### [What needs to be done]
Starting at the line containing "Cervejarias Guapa e" and ending at the line containing "SPB147J1 SPB147J SPB147", transcribe the listing below exactly. Keep both end lines, skip the pictures, and copy nothing else.

### [The records]
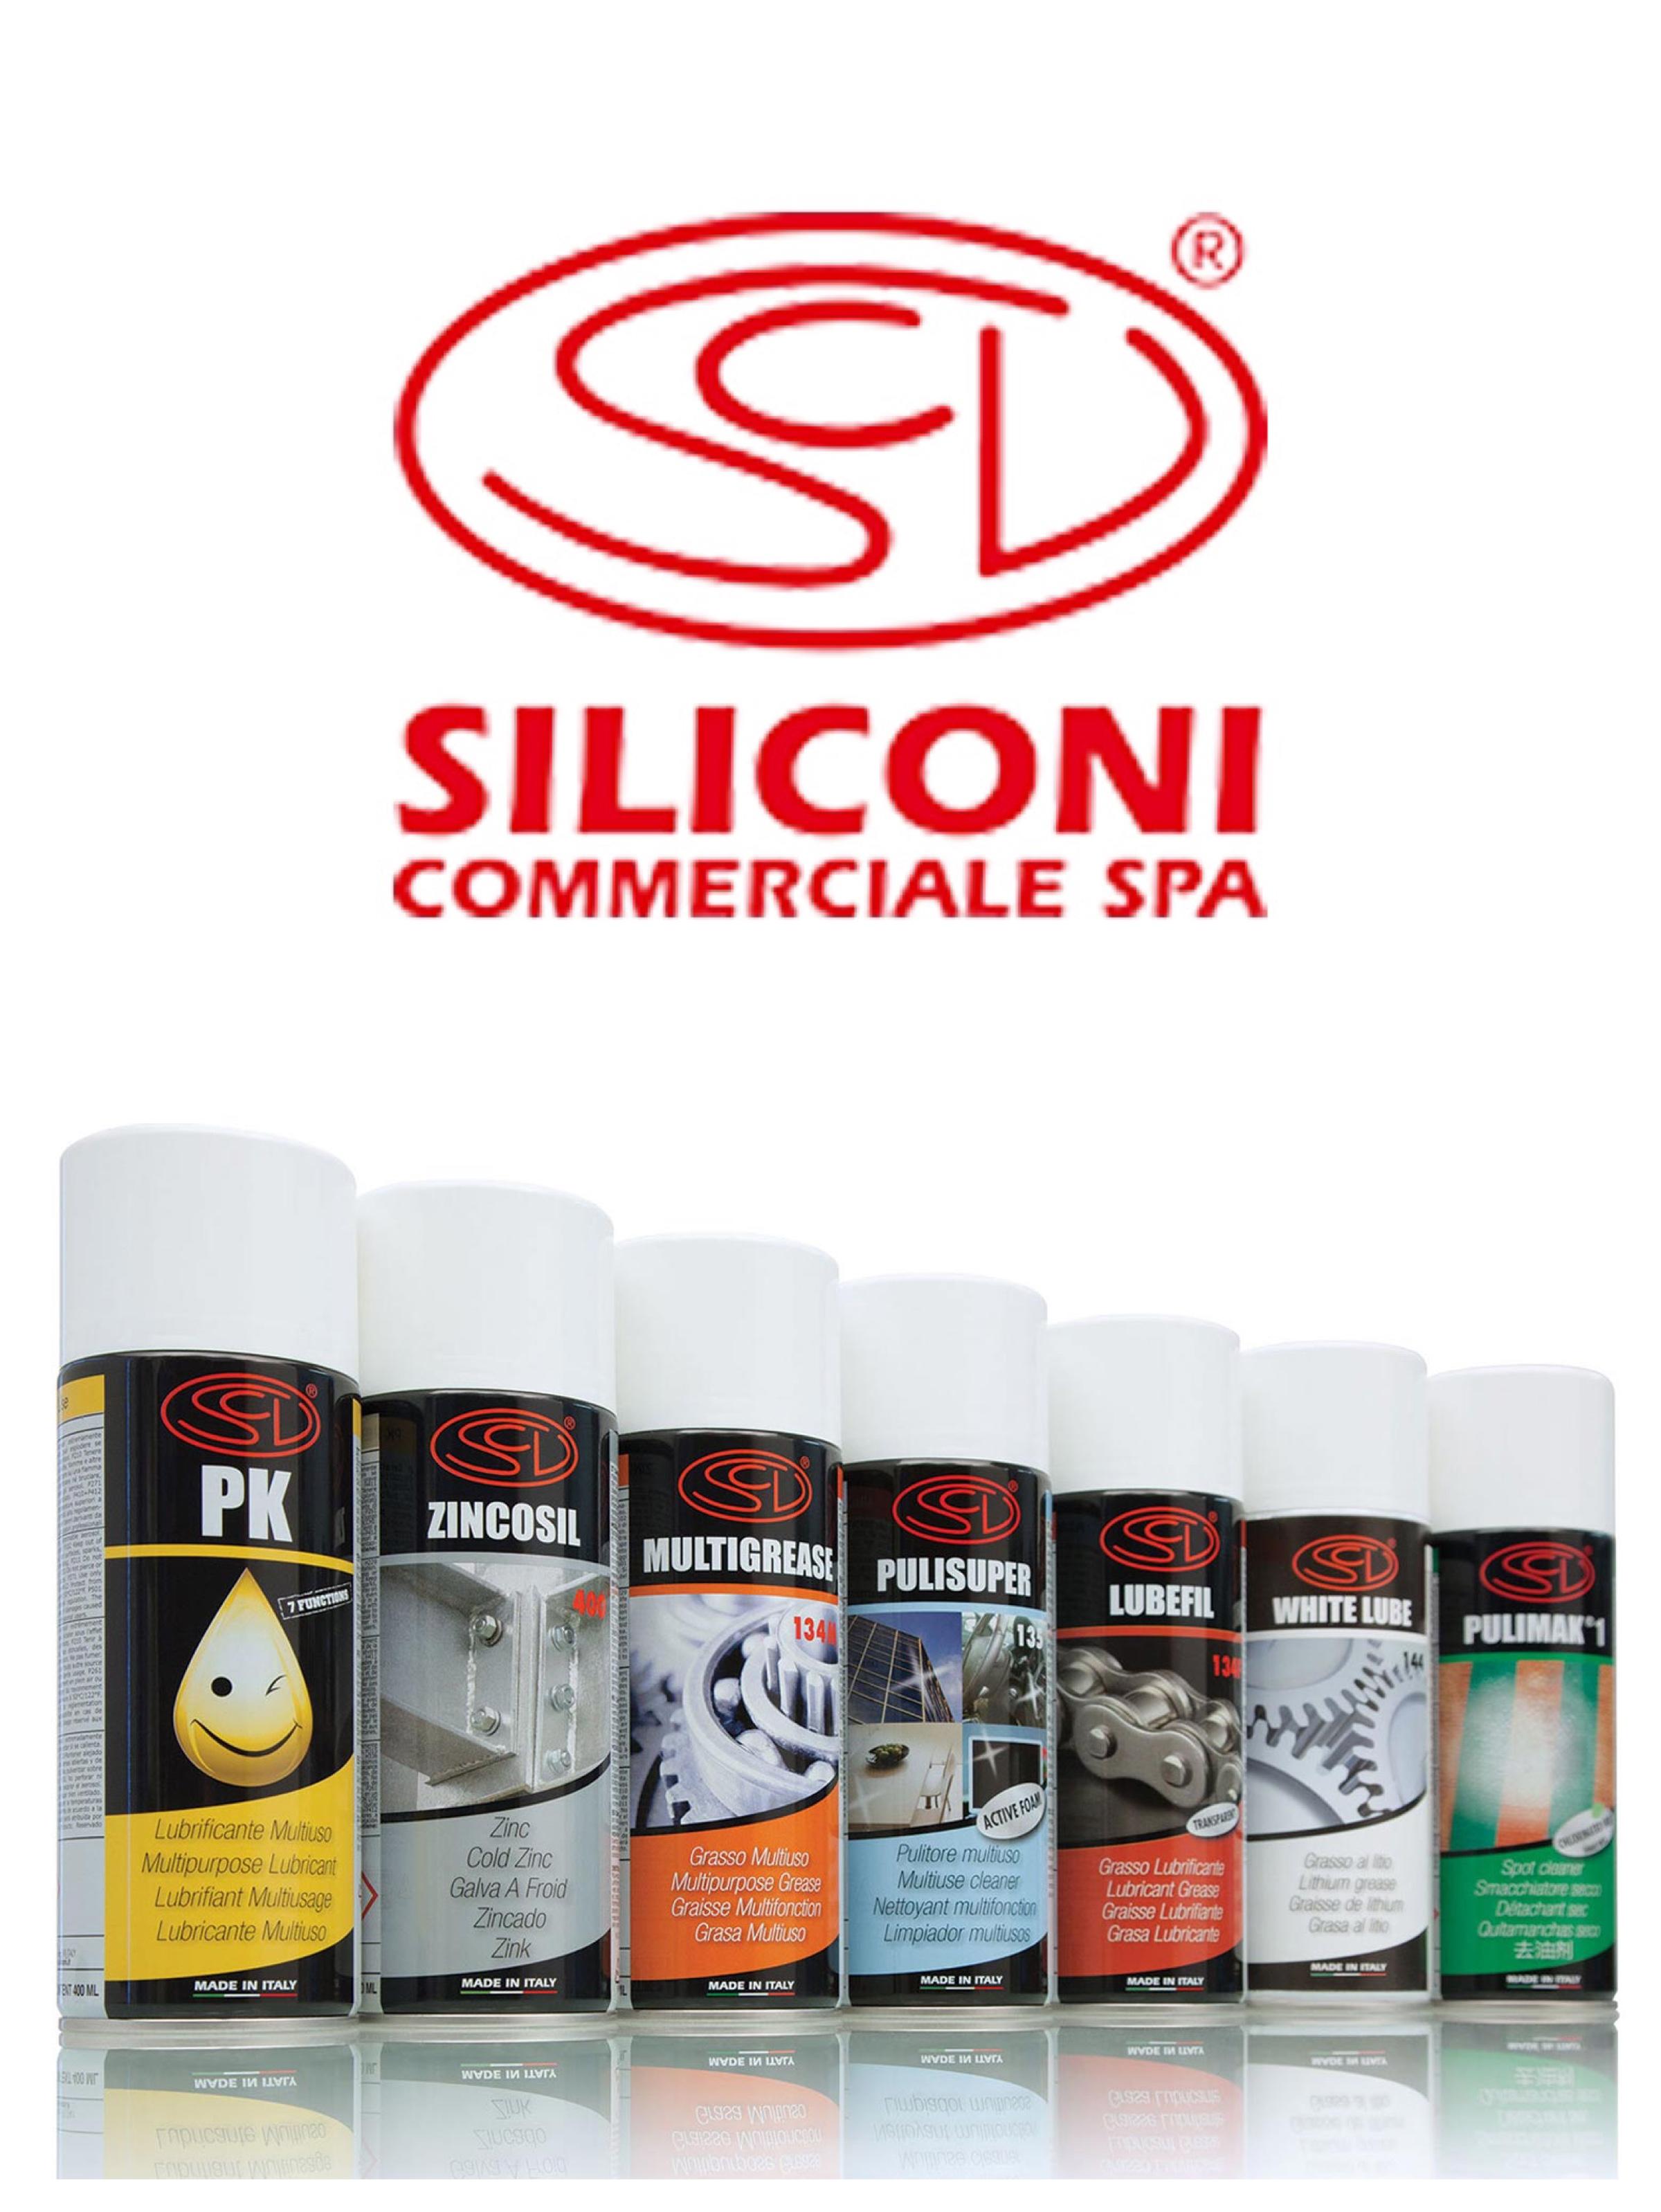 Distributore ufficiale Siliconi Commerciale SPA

* * *

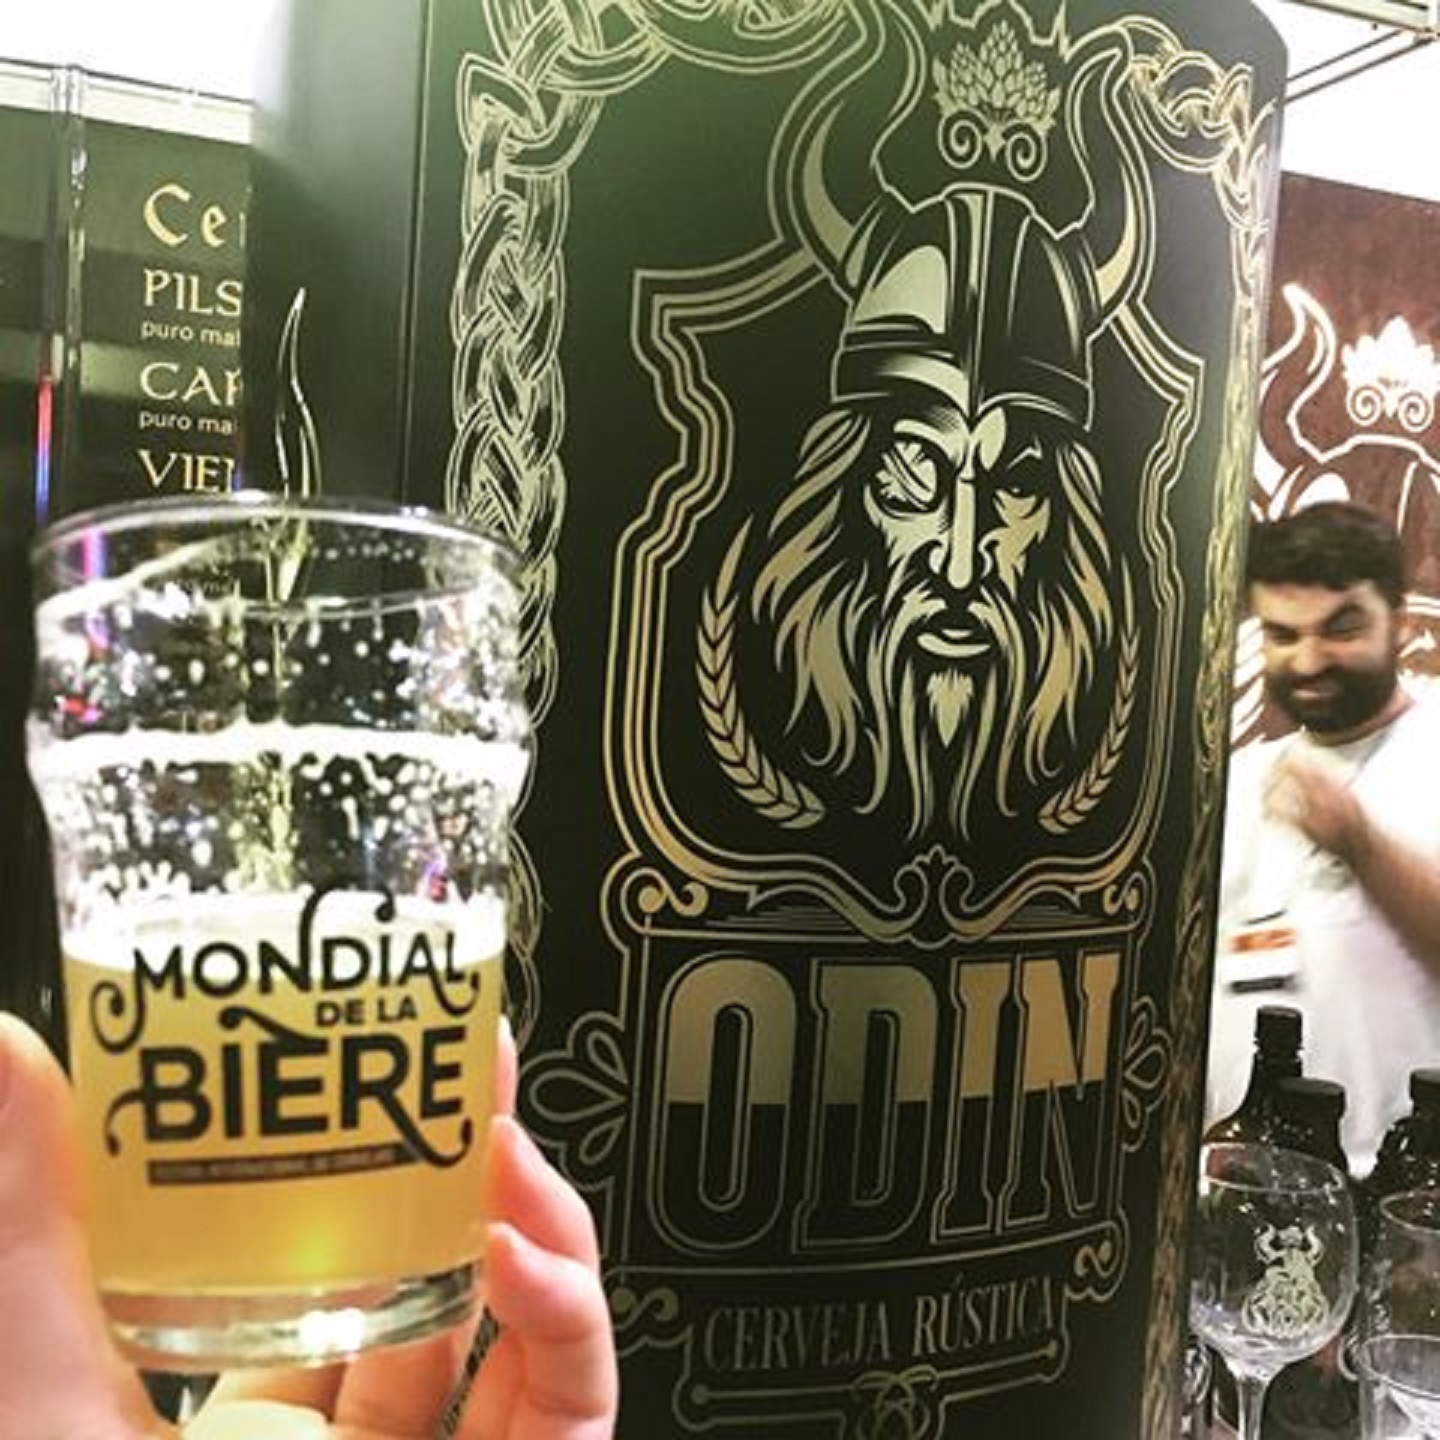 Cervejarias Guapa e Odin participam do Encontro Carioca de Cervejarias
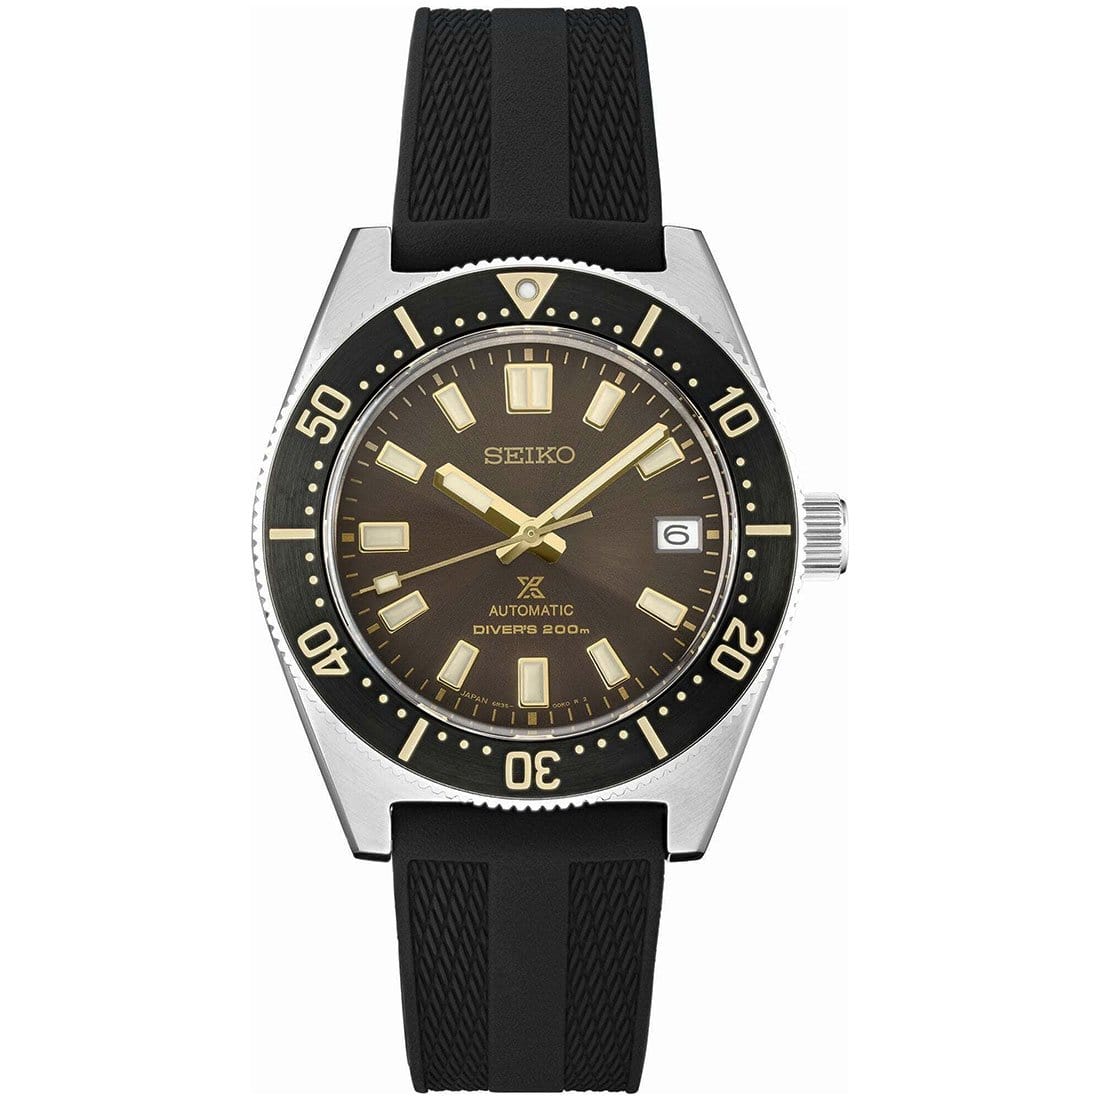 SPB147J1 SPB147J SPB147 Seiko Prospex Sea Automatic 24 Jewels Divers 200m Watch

### [Output of the exercise]
 Cervejarias Guapa e Odin participam do Encontro Carioca de Cervejarias
 SPB147J1 SPB147J SPB147 Seiko Prospex Sea Automatic 24 Jewels Divers 200m Watch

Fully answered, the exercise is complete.